When everything goes well and we see the world through rose-colored glasses, you love your partners and they love you. All the IP accounts are open under everybody’s name — for example, the company’s social network accounts such as FB, Twitter, Linkedin, Slack, as well as very sensitive information tools like Github (for the code) and Confluence (for the spec.), or other assets such as trademarks and domain name, etc.
But things become difficult when a founder leaves the company, or a shareholder joins the team; that’s when it’s time to clarify which assets are inside or outside of the ownership of the company itself.
So those rose-colored glasses become…well, dark grey.
At that point, you can be lucky and find a partner who has always shared passwords and access with you, so the discussion will be focused on what really matters: the code, the specs on Github, the trademarks or the patent ownership. The discussion will then revolve around the provisions of your (hopefully) existing partnership agreement.
But if the partner has been centralizing all accounts, locking you out every access while you weren’t paying enough attention, well… there is not much you can do and fight through the courts, claiming damages and moving on.
So what can be done before things turn dark grey?
First, with respect to social accounts, be vigilant and make sure that all accounts are created under the name of the company; then create a password sharing account so you can keep control over the code and all the work you’ve accomplished. But remember that those accounts are not, yet, considered as a real asset by tribunals — if things go wrong, you’ll have a hard time recovering accounts held by an ex-partner. Don’t waste your energy — just find another name and start over.
Second, with respect to source code, trademarks, and patents, the situation can be subject to legal discussions. You can include a clause for the automatic transfer of these intellectual properties in your shareholders’ agreement. But French tribunals have a restrictive approach to trademarks or patent transfers (and any intellectual property in general). If they are not specific enough, the transfer is void. So to be on the safe side, always pair with a specific transfer agreement.

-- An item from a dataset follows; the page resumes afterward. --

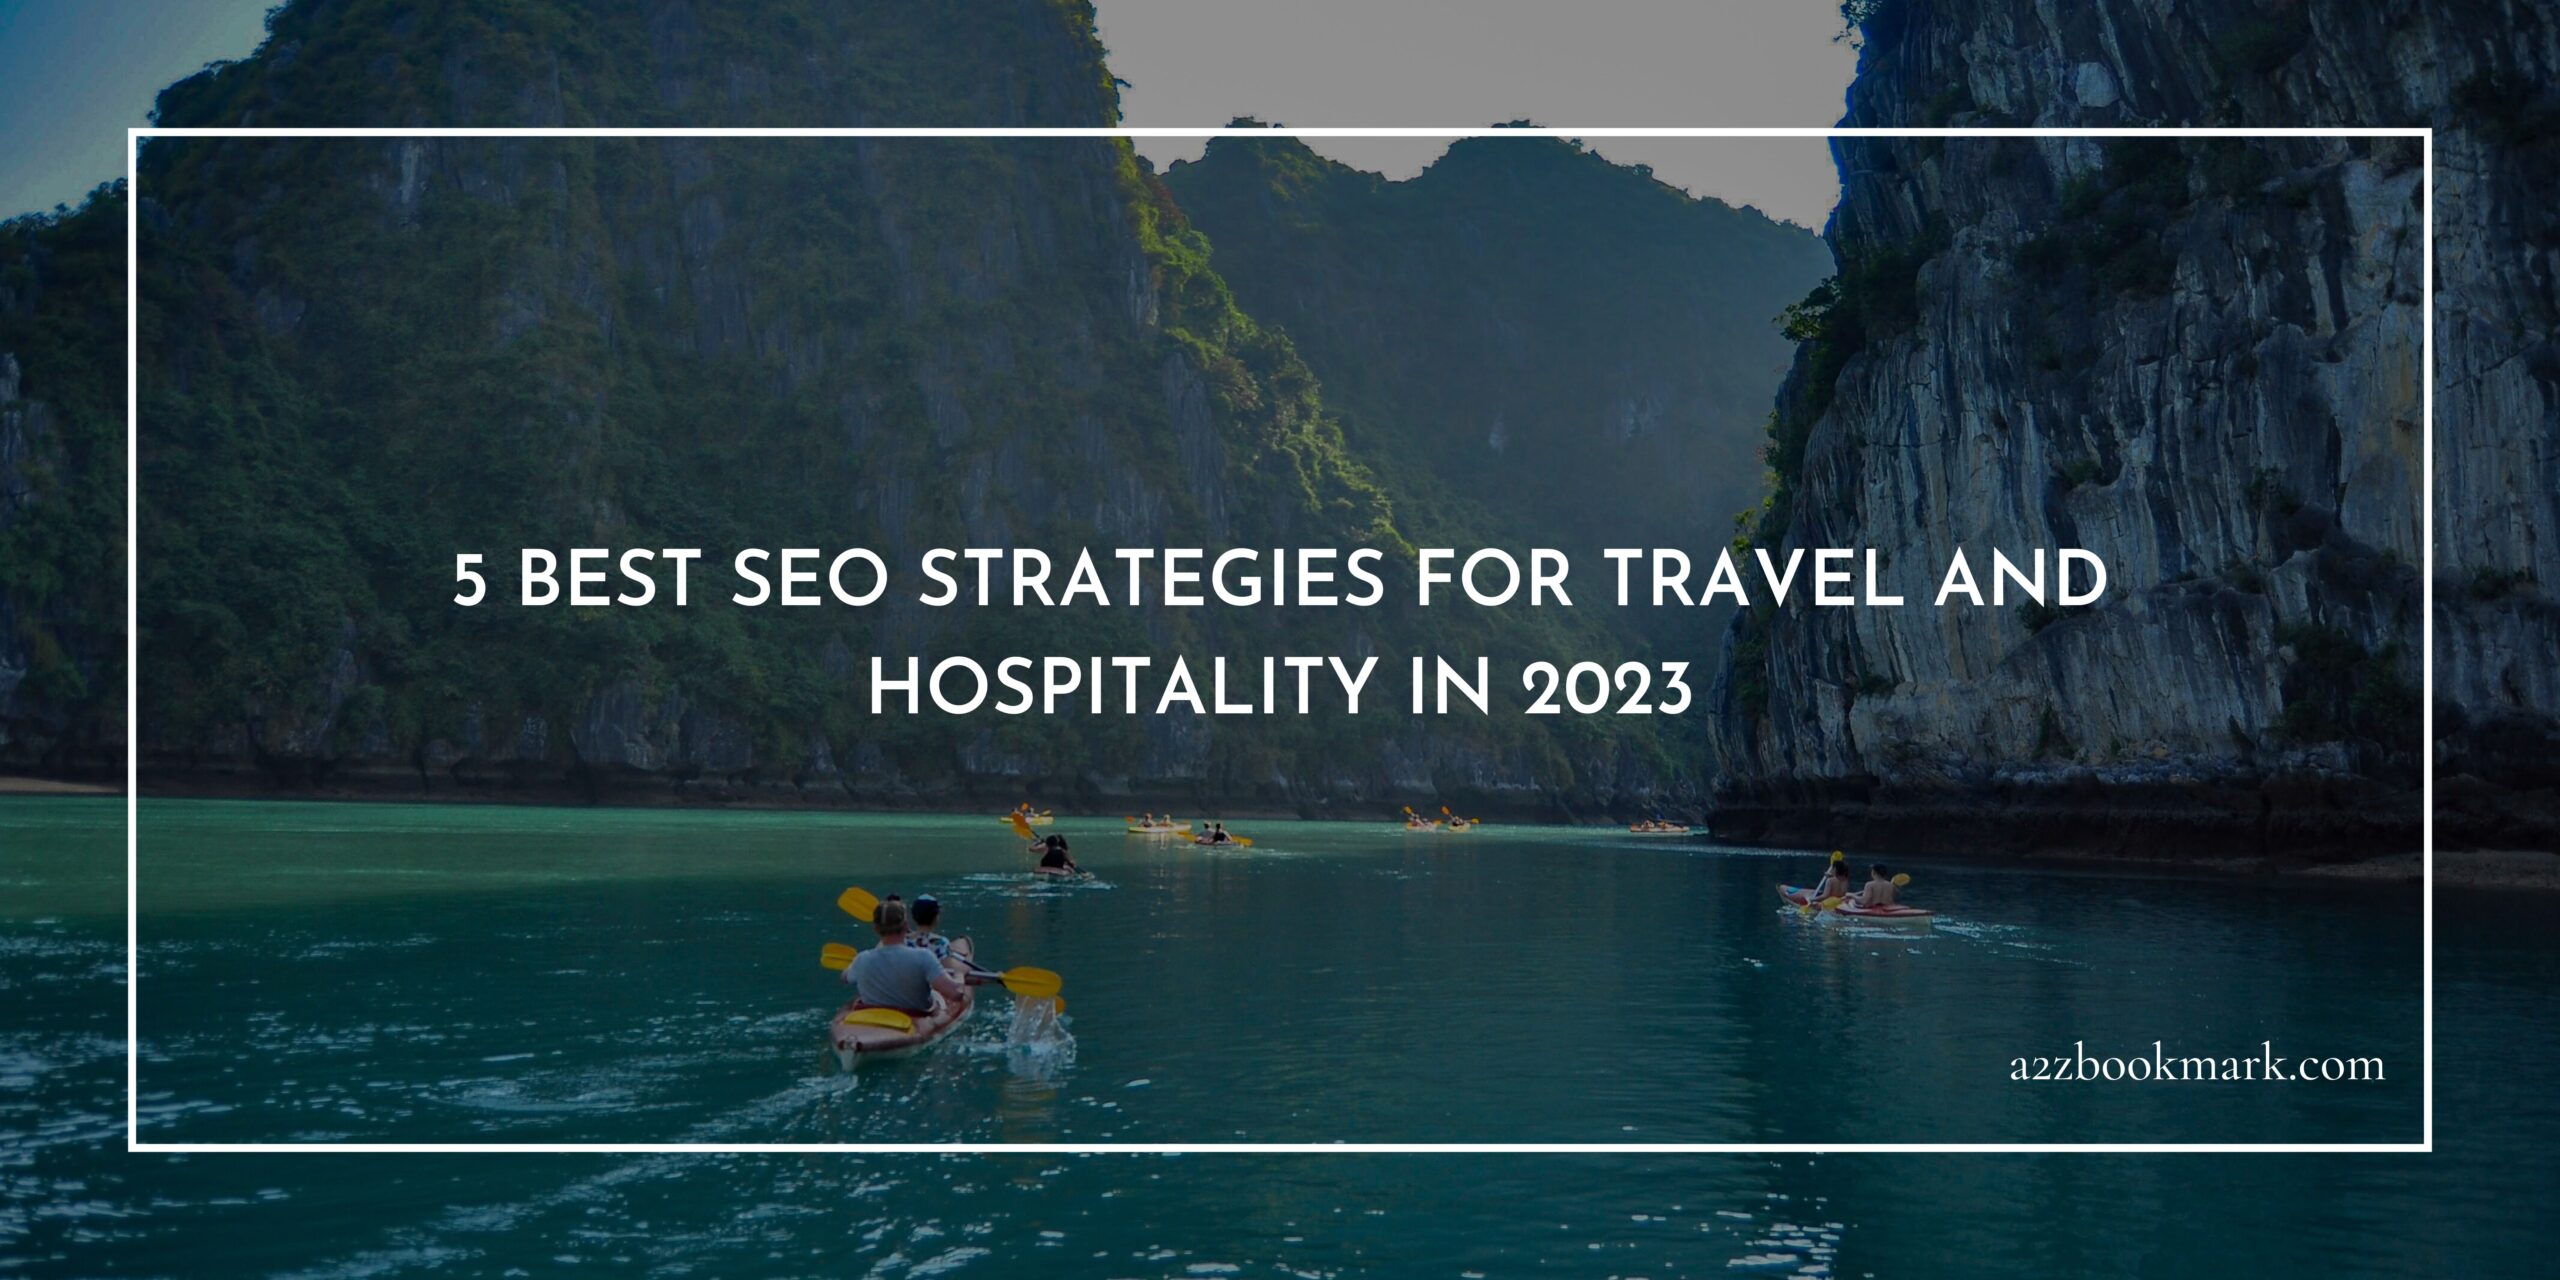 5 Best SEO Strategies for Travel and Hospitality in 2023

Because under French law and in Europe in general, the IP rights are transferred if the contract includes — in great detail — all of the rights assigned and the respective obligations of all signatories. This would include a detailed list of the types of rights assigned, for how long, for how much, where, and how (for private or public use)?
What should you do now in practice?
For the social accounts, don’t let any single member of the team exclusively hold all of the passwords; for example, you can use password sharing tools such as Lastpass, Zoho, etc. and make sure that you create the accounts under the name of the company.
For trademarks, patents, code, and any other IPs, execute a contract transferring the code and its development as soon as possible, even if the company exists prior to its incorporation. The longer you wait, the greater the risk. Find some good models here.
Last, but not least, if it all goes from dark grey to black, save your time and money. Move to your next project.